The tricky bit is that hash functions are usually imperfect. (Perfect hash functions exist, but tend to be very specific to particular applications and particular datasets; they're hardly ever worthwhile.) There are two approaches to dealing with this, and each requires storing the key with the value: one (open addressing) is to use a pre-determined pattern to look onward from the location in the array with the hash for somewhere that is free, the other (chaining) is to store a linked list hanging off each entry in the array (so you do a linear lookup over what is hopefully a short list). The cases of production code where I've read the source code have all used chaining with dynamic rebuilding of the hash table when the load factor is excessive.
Good hash functions are one way functions that allow you to create a distributed value from any given input. Therefore, you will get somewhat unique values for each input value. They are also repeatable, such that any input will always generate the same output.
An example of a good hash function is SHA1 or SHA256.
Let's say that you have a database table of users. The columns are id, last_name, first_name, telephone_number, and address.
While any of these columns could have duplicates, let's assume that no rows are exactly the same.
In this case, id is simply a unique primary key of our making (a surrogate key). The id field doesn't actually contain any user data because we couldn't find a natural key that was unique for users, but we use the id field for building foreign key relationships with other tables.

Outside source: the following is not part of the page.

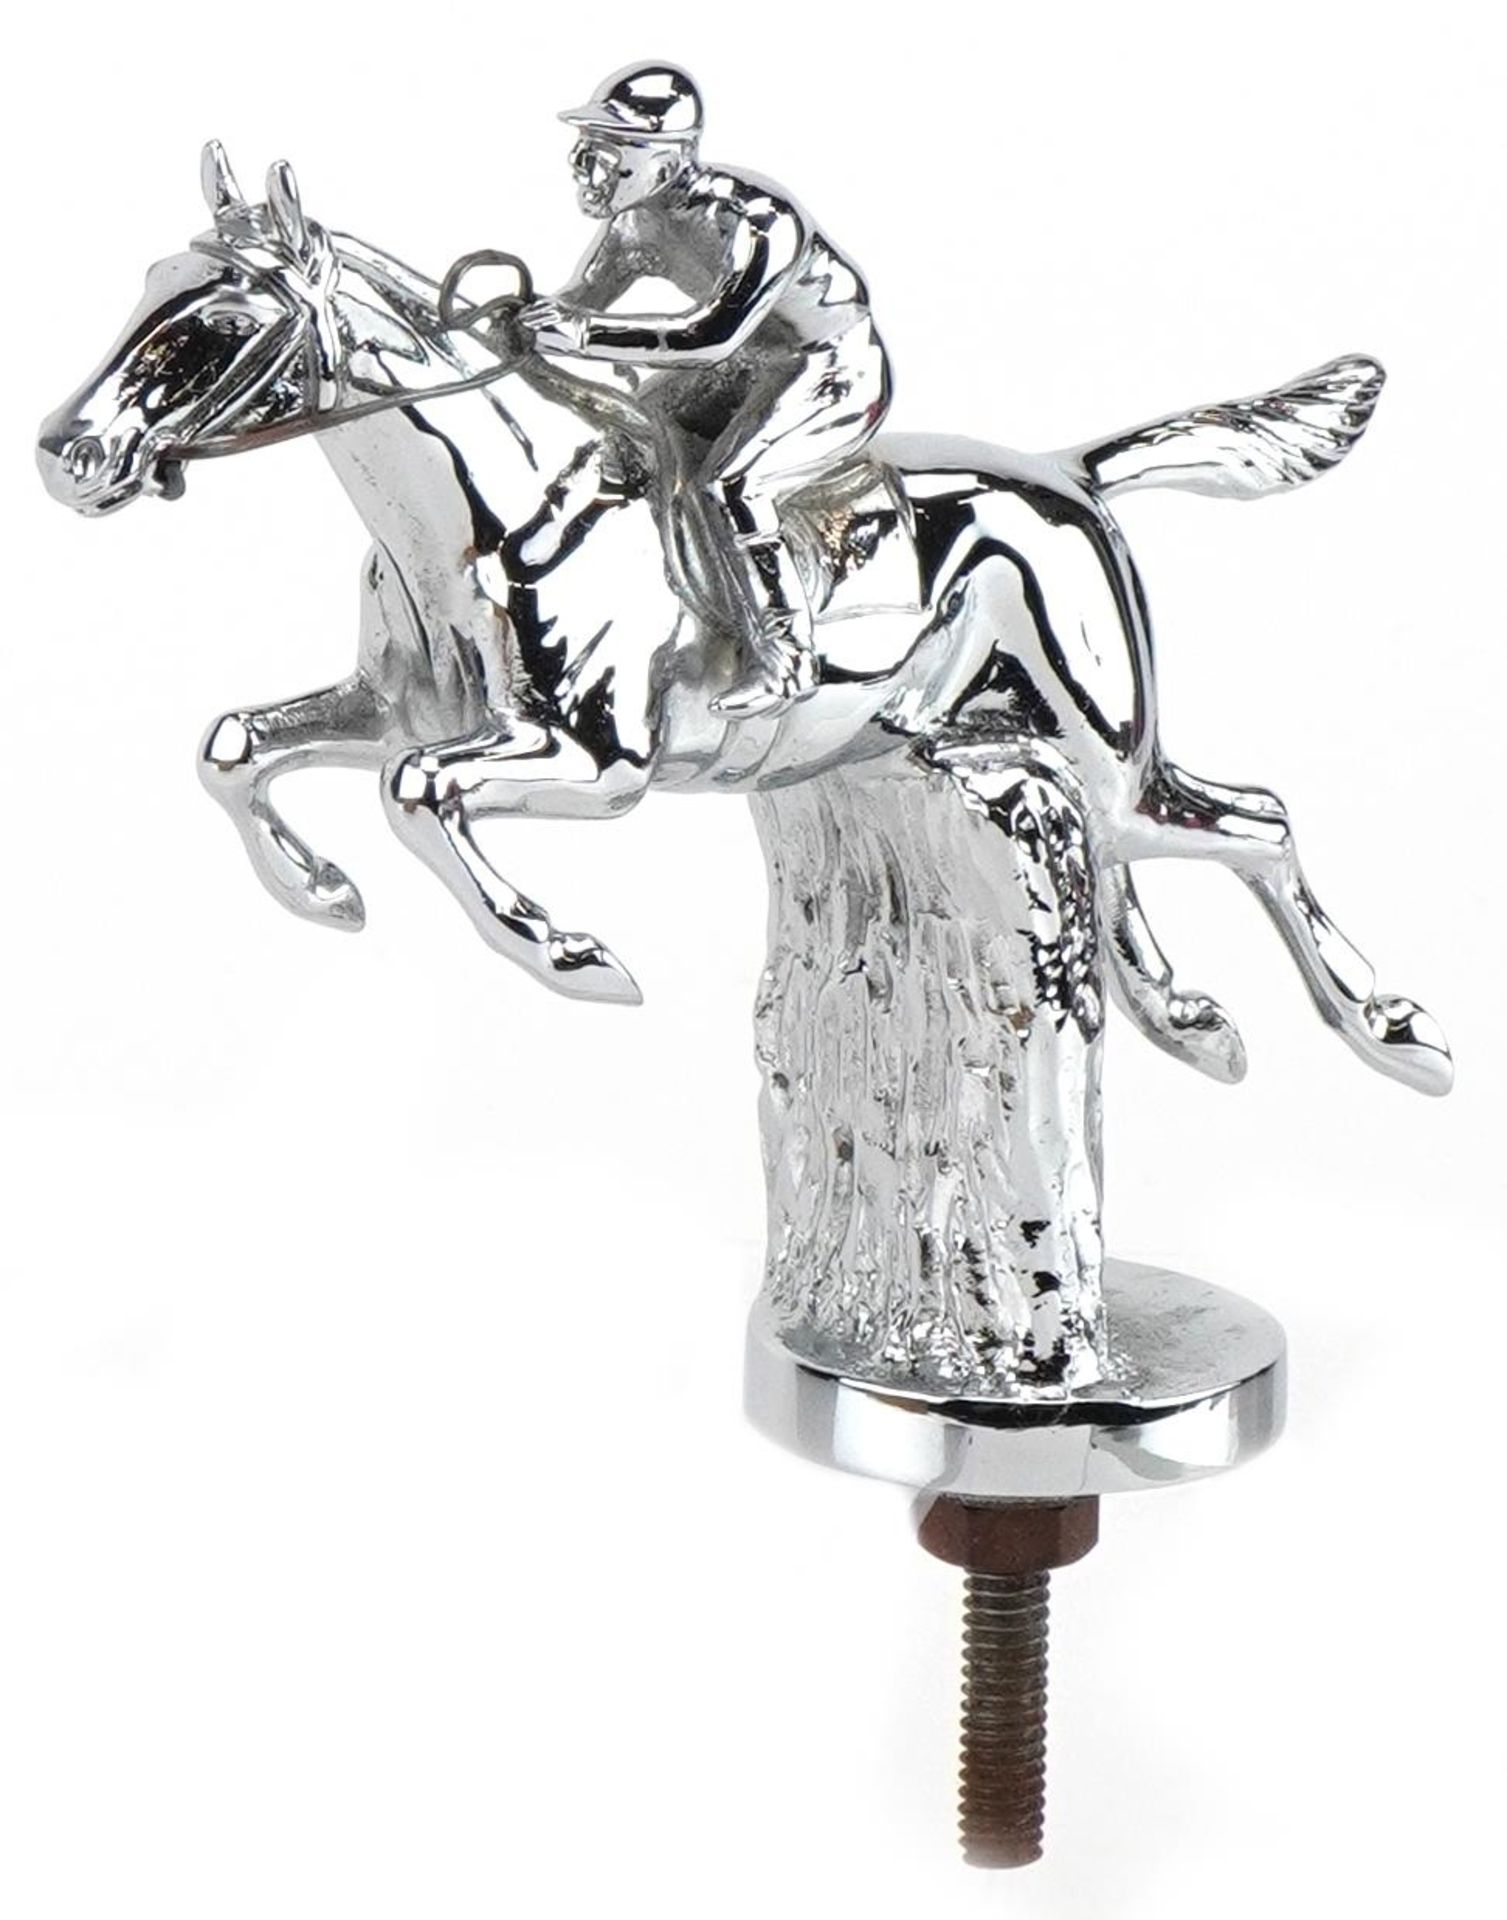 Early 20th century automobilia interest chrome plated car mascot in the form of a jockey on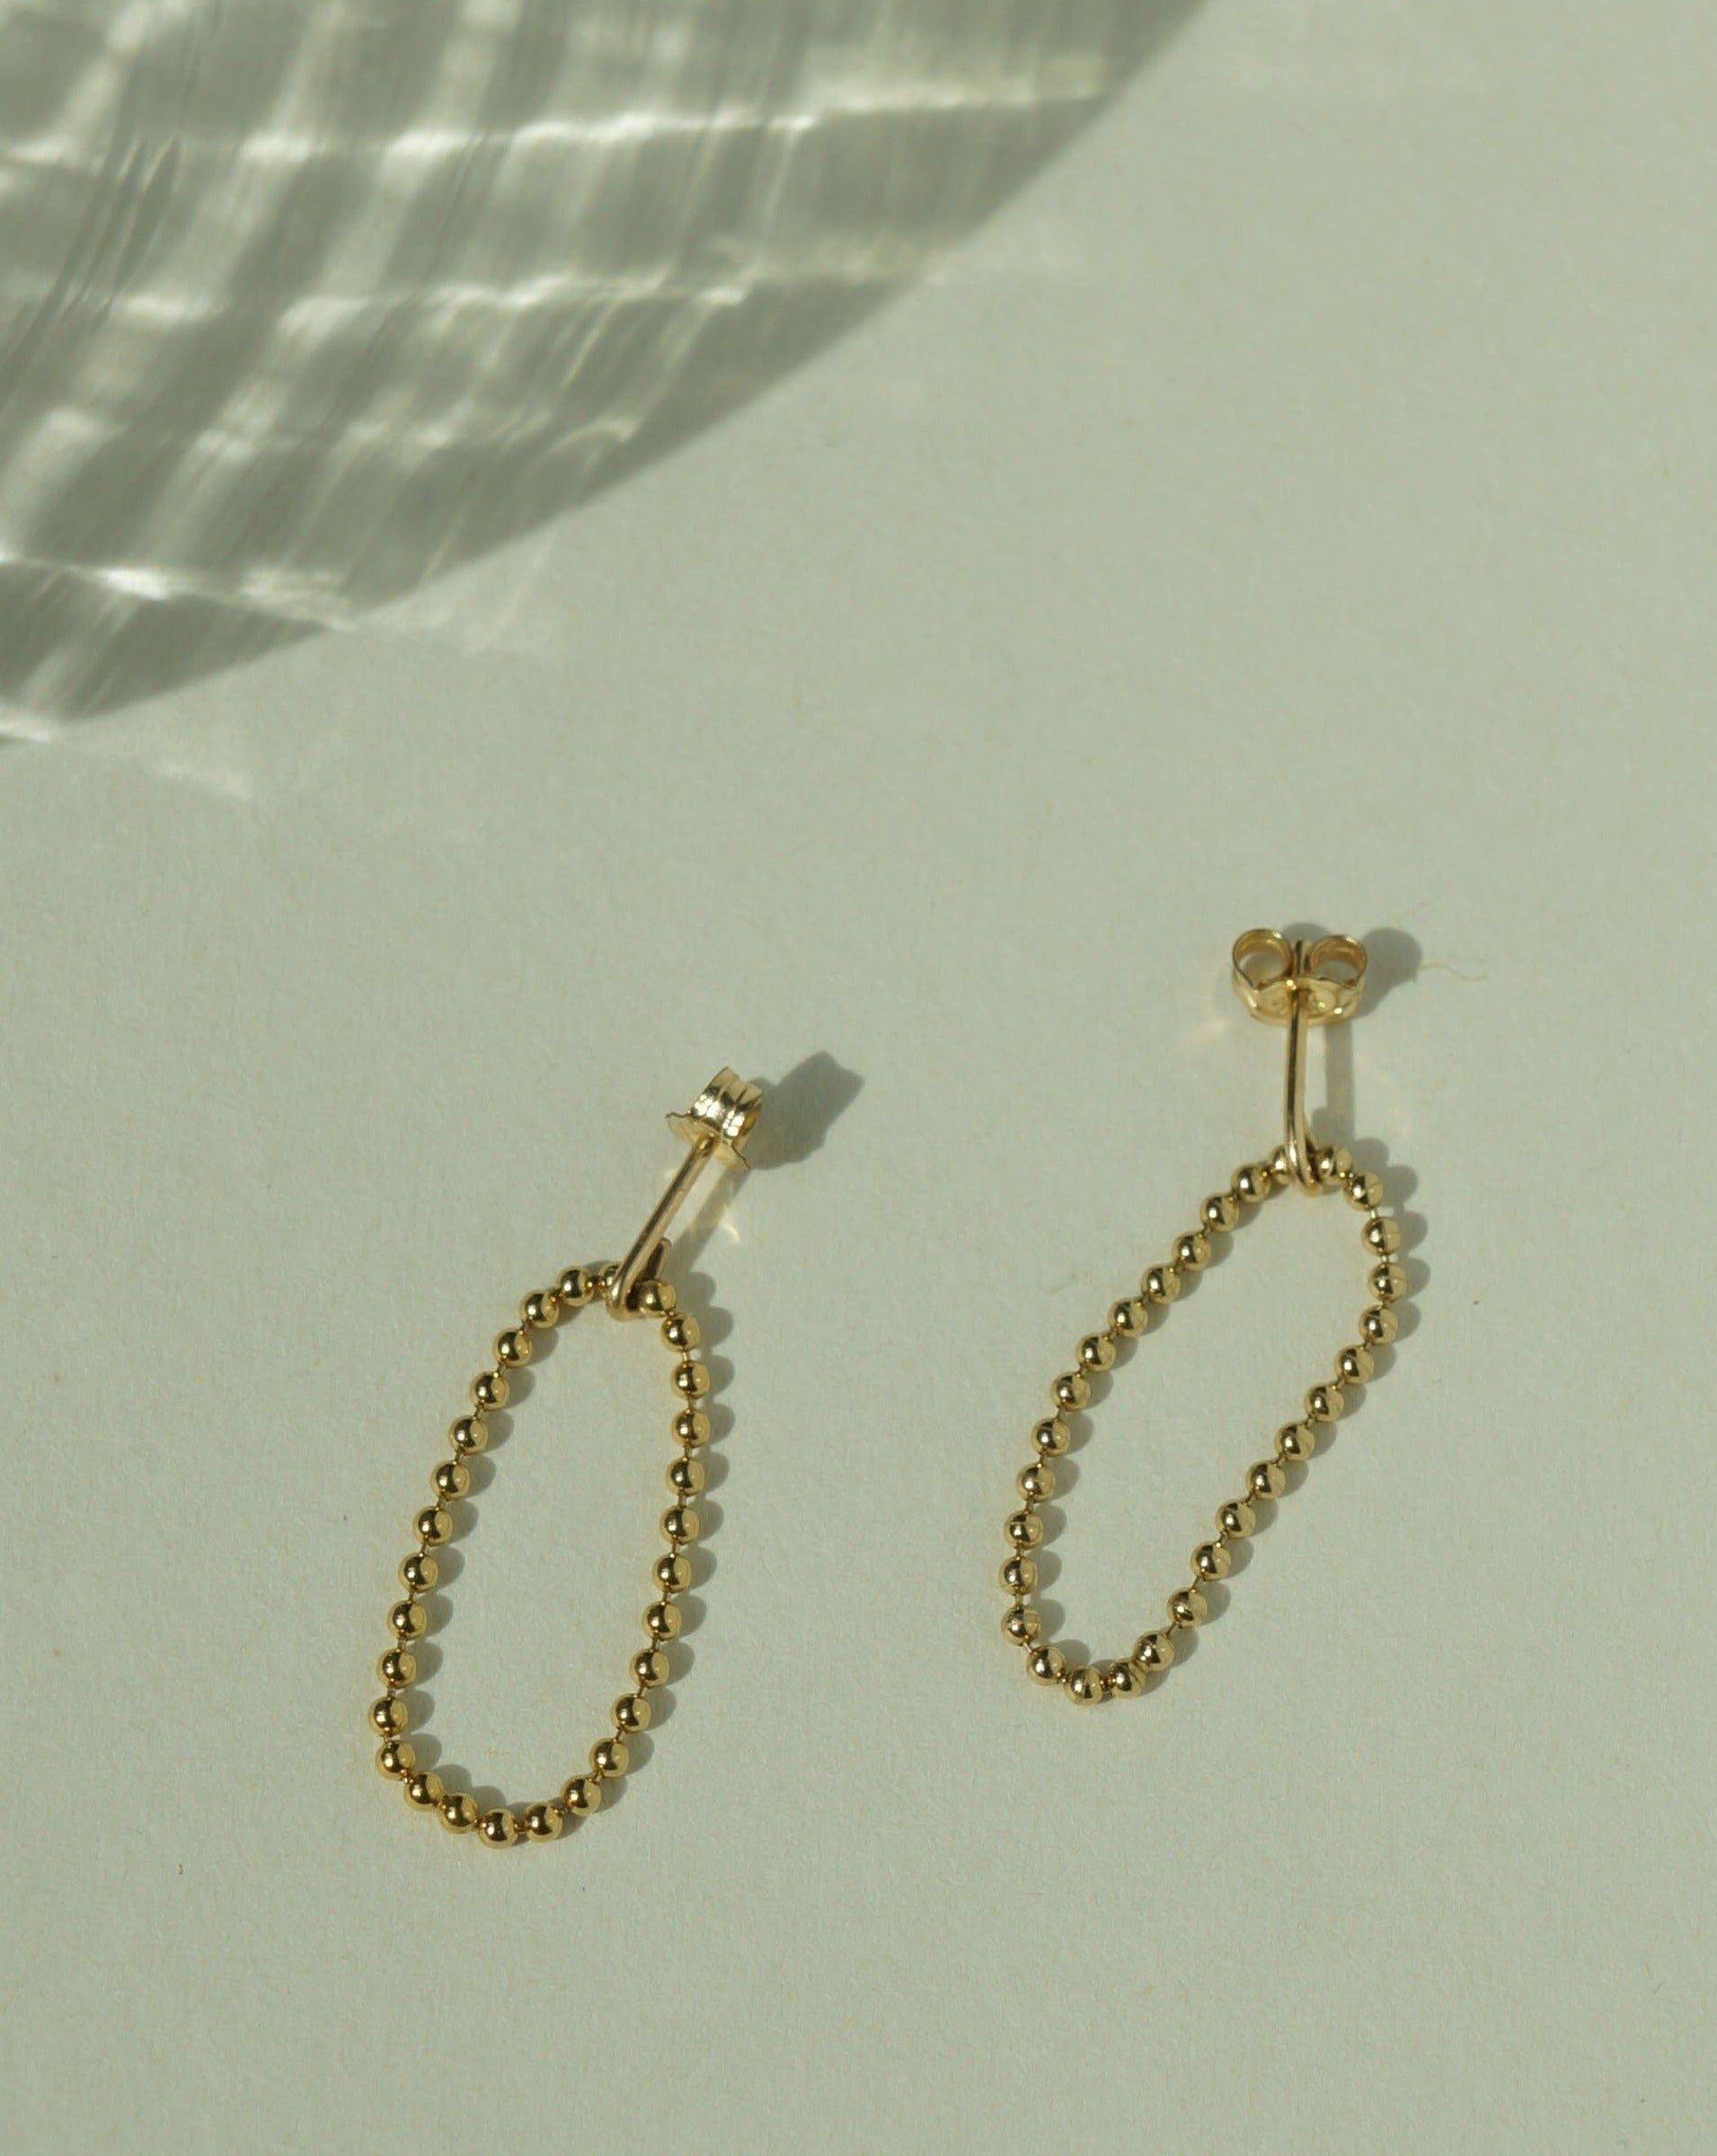 Lata Earrings by KOZAKH. 14K Gold Filled drop style stud earrings, with drop length of 1 inch, featuring linked gold balls.

We could look up the user record like this from our database:
SELECT * FROM users
WHERE last_name = 'Adams'
AND first_name = 'Marcus'
AND address = '1234 Main St'
AND telephone_number = '555-1212';
We have to search through 4 different columns, using 4 different indexes, to find my record.
However, you could create a new "hash" column, and store the hash value of all four columns combined.
String myHash = myHashFunction("Marcus" + "Adams" + "1234 Main St" + "555-1212");
You might get a hash value like AE32ABC31234CAD984EA8.
You store this hash value as a column in the database and index on that. You now only have to search one index.
SELECT * FROM users
WHERE hash_value = 'AE32ABC31234CAD984EA8';
Once we have the id for the requested user, we can use that value to look up related data in other tables.
The idea is that the hash function offloads work from the database server.
Collisions are not likely. If two users have the same hash, it's most likely that they have duplicate data.